- [Task details] Print the data below exactly as it stands, and keep the pictures out.

- [Data segment]

━━━━━━━━━━

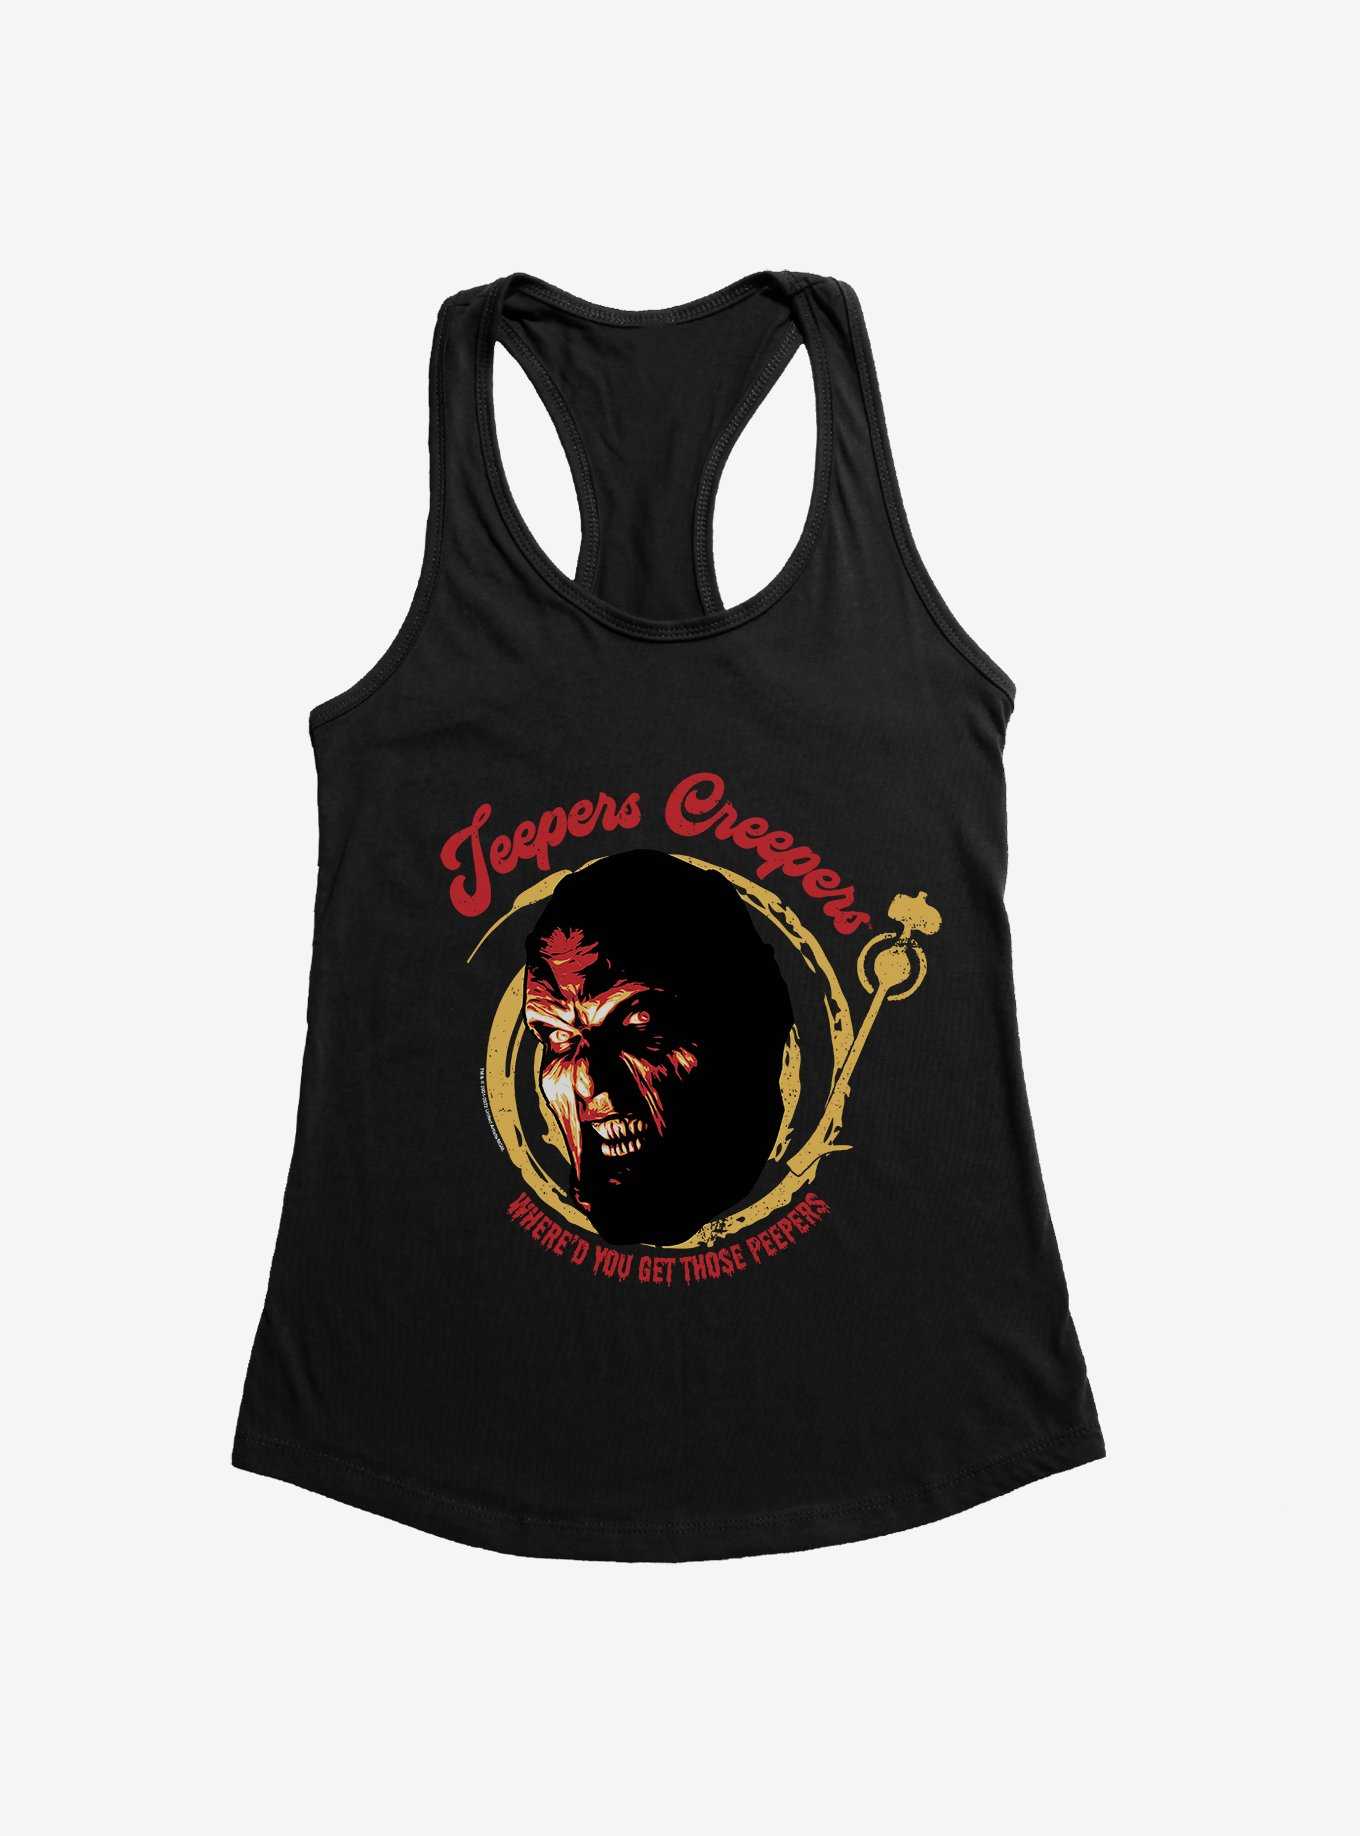 Jeepers Creepers Peepers Girls Tank, , hi-res
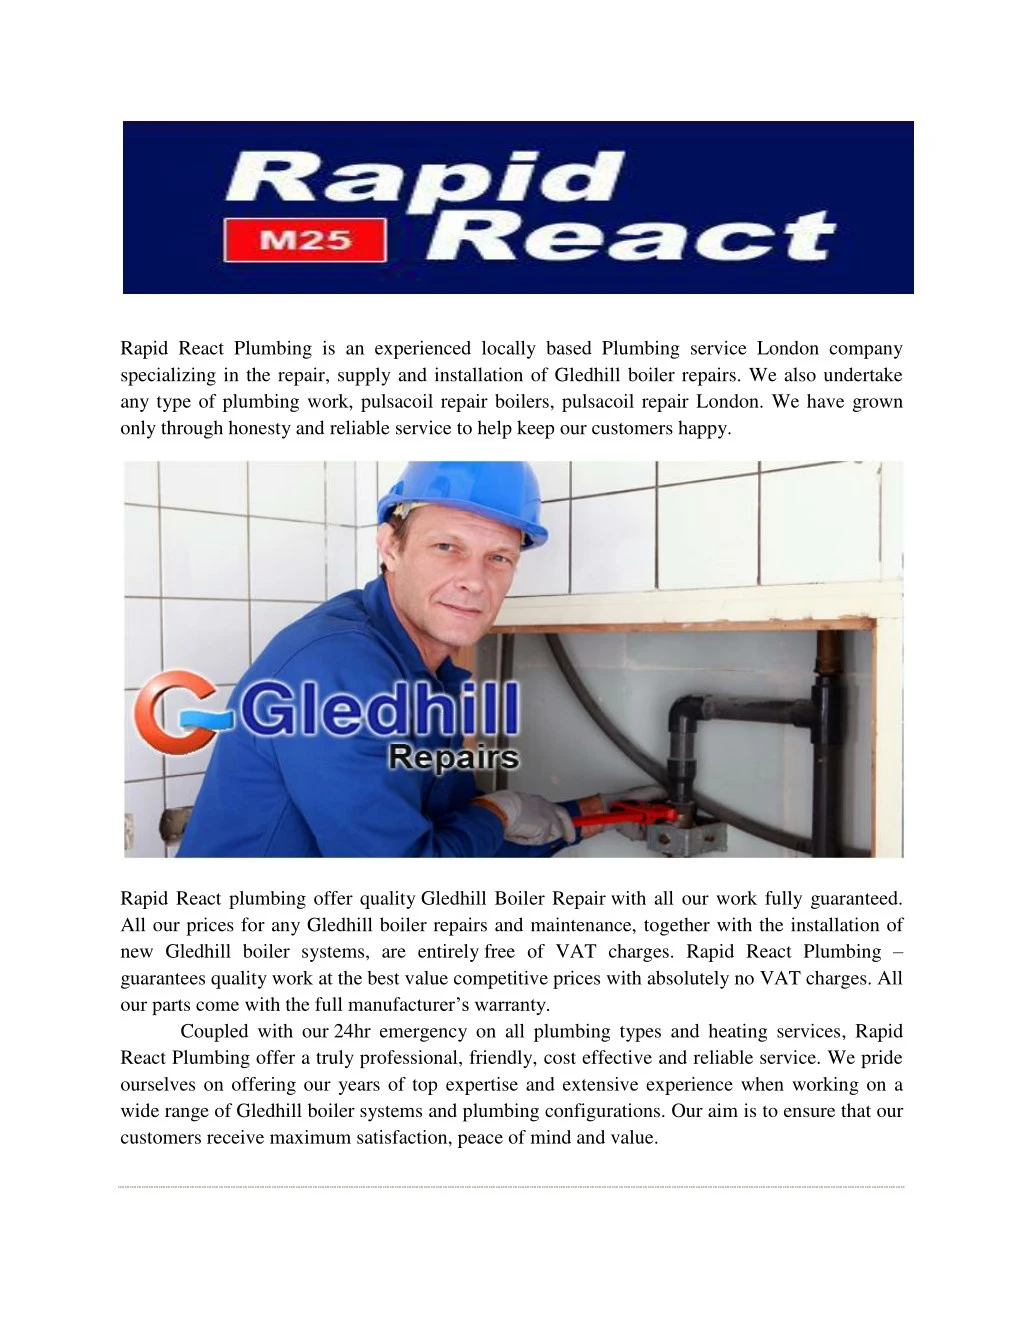 rapid react plumbing is an experienced locally
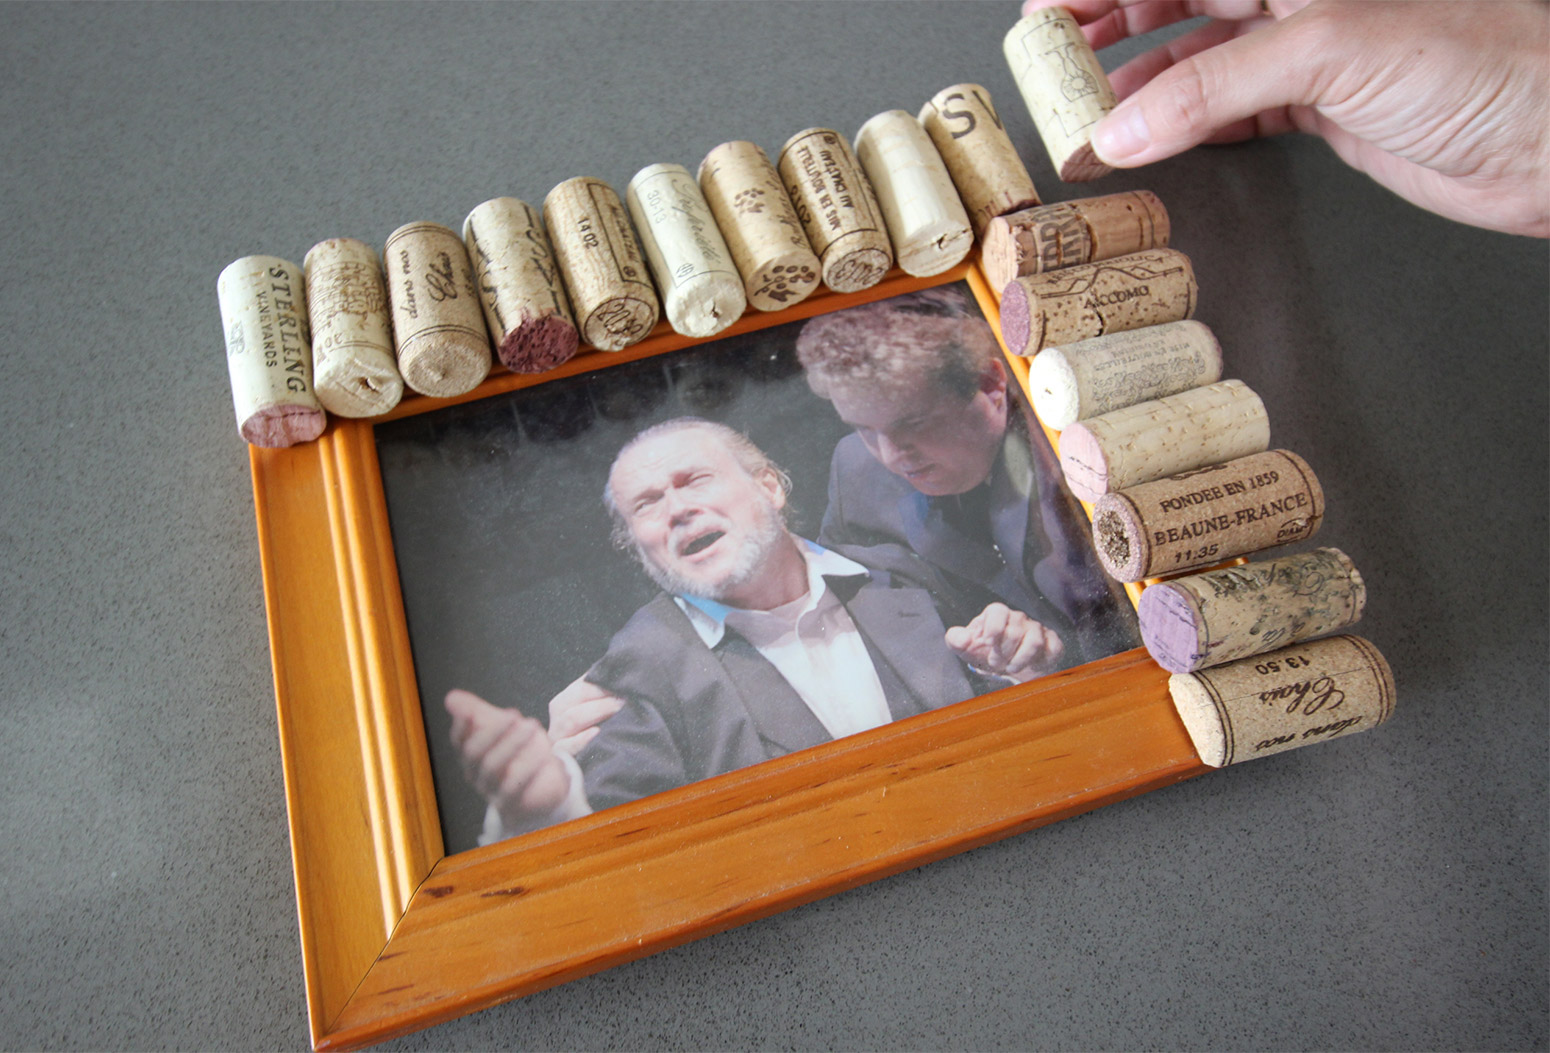 How To Make A Picture Frame Out Of Wine Corks
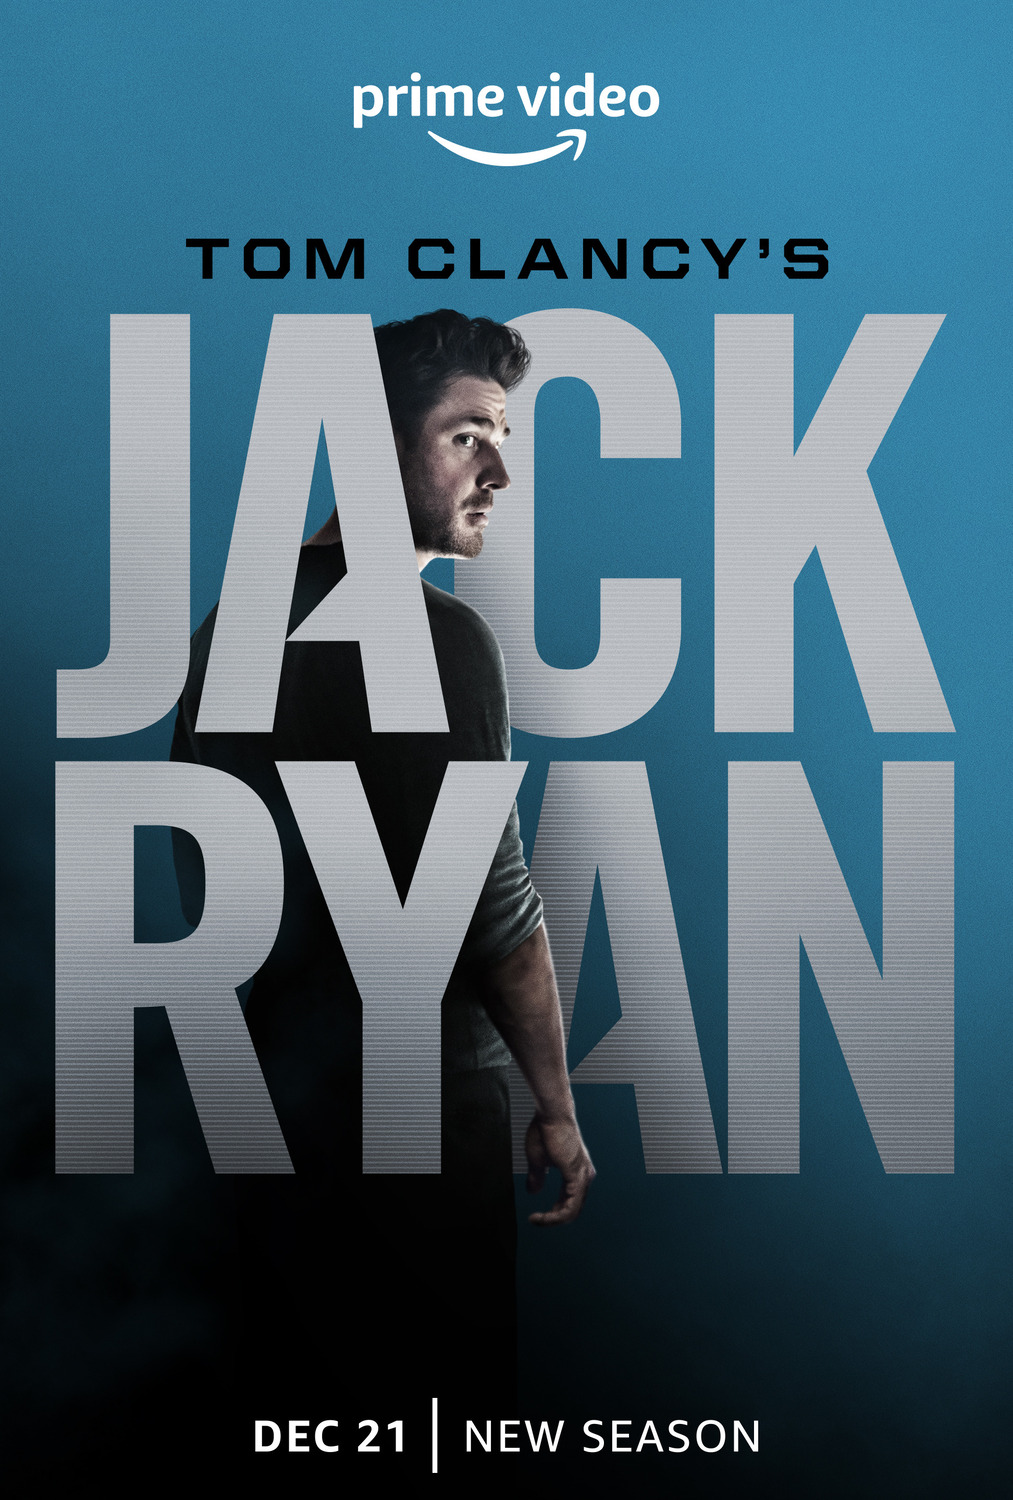 Extra Large TV Poster Image for Tom Clancy's Jack Ryan (#7 of 13)

━━━━━━━━━━

- [Task result]
 Jeepers Creepers Peepers Girls Tank, , hi-res
 rapid react plumbing is an experienced locally
 How To Make A Picture Frame Out Of Wine Corks
 Extra Large TV Poster Image for Tom Clancy's Jack Ryan (#7 of 13)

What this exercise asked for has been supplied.